Senin, 31 Oktober 2016
Reporter : Tim Advetorial


Memenuhi Kebutuhan Energi Bagi kesejahteraan Indonesia



suarabojonegoro.com - Bagaimana kita menilai proyek minyak yang sukses?Apakah dengan keberhasilannya membantu memenuhi kebutuhan energi Indonesia? Capaian keselamatannya yang baik? Atau, dengan pengembangan potensi masyarakat lokal?

Pada 30 September 2016, proyek minyak Banyu Urip baru saja memenuhi lifting minyak ke seratus. Lifting tersebut adalah milik Pemerintah Indonesia yang diangkut dari Kapal Alir Muat Terapung (Floating Storage and Off-loading / FSO) Gagak Rimang ke MT Gede, di lepas pantai Tuban, untuk dikirim dan diolah di kilang milik Pertamina.

Lifting tersebut dihadiri oleh Bupati Tuban, Fathul Huda; beserta Deputi Pengendalian Operasi SKK Migas, Muliawan; Senior Vice  President Development & Technology PT Pertamina (Persero), Amran Anwar; serta para mitra Blok Cepu, President ExxonMobil Cepu Limited, Daniel Wieczynski  dan Vice President Asia Pacific – Established Area, Raymond Jones; bersama Direktur Utama PT Pertamina EP Cepu, Adriansyah; dan Ketua BKS PI Blok Cepu, Ganesha Askari. Rombongan melakukan peninjauan ke kapal FSO Gagak Rimang. “Kita juga bisa! Ini memberikan kebanggaan pada kita bahwa Tuban dapat membantu menyediakan energi untuk kesejahteraan Indonesia,” ujar Fathul Huda, Bupati Tuban.

Lifting minyak mentah tersebut diproduksikan dari Lapangan Banyu Urip di Blok Cepu, Bojonegoro dan diolah di Central Processing Facility yang berproduksi hingga 185 ribu barel per hari. Dari sana, minyak tersebut dialirkan melalui pipa darat sejauh 72 kilometer hingga ke pantai Palang, Tuban. Lalu, dilanjutkan melalui pipa bawah laut dan ditampung di FSO Gagak Rimang yang berada 23 kilometer di lepas pantai Tuban.

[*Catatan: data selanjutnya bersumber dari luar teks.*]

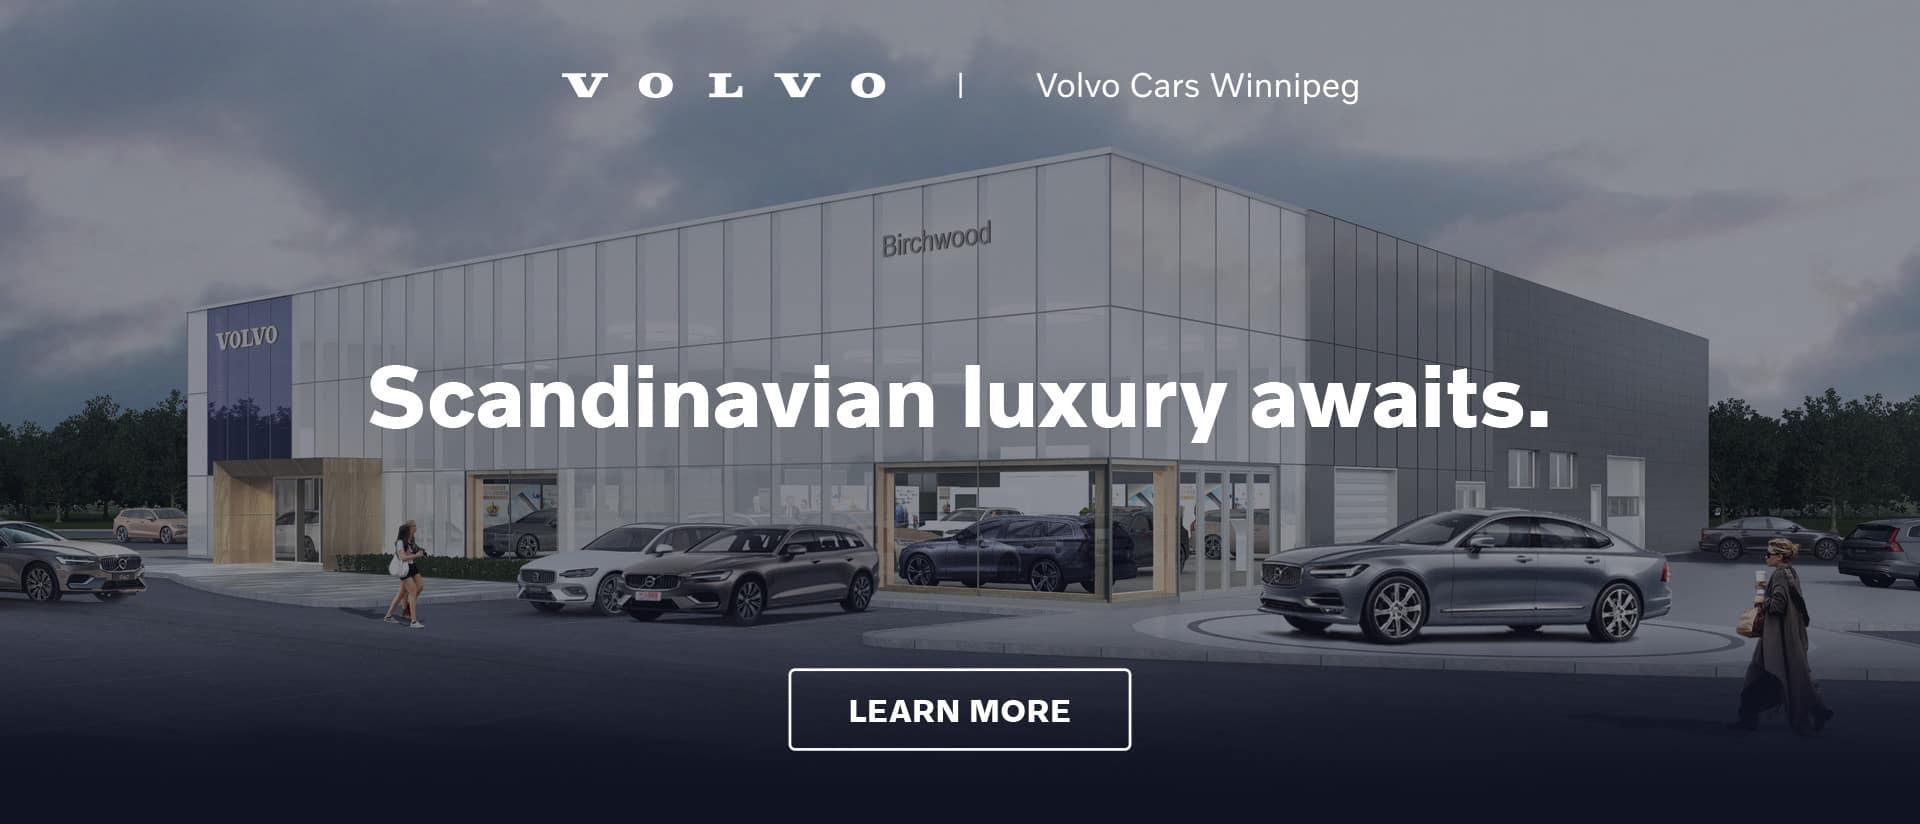 Volvo Cars Winnipeg Scandinavian Luxury Awaits

“Kami berterima kasih kepada para mitra Blok Cepu—PT Pertamina EP Cepu dan Badan Kerja Sama PI Blok Cepu—Pemerintah Indonesia, khususnya SKK Migas, beserta Pemda Bojonegoro dan Tuban serta masyarakat atas keberhasilan lifting ke seratus ini,” ucap Daniel Wieczynski, President ExxonMobil Cepu Limited, operator Blok Cepu. “Lifting ini menandai keandalan fasilitas dan lapangan Banyu Urip untuk membantu memenuhi kebutuhan energi Indonesia.”

Semua hal tersebut dilakukan dengan standar keamanan yang tinggi.  Proyek minyak Banyu Urip dikerjakan dengan lebih dari 100 juta jam kerja dengan angka keselamatan yang sangat bagus—bahkan jika dibandingkan dengan proyek sejenis di dunia.  Lebih dari 17 ribu pekerja, kebanyakan dari daerah Bojonegoro dan Tuban, turut membantu menyelesaikan proyek ini. Para pekerja tersebut mendapatkan lebih dari 2 juta jam pelatihan dari 2500 sesi pelatihan, termasuk pelatihan tentang aspek keamanan dan keselamatan.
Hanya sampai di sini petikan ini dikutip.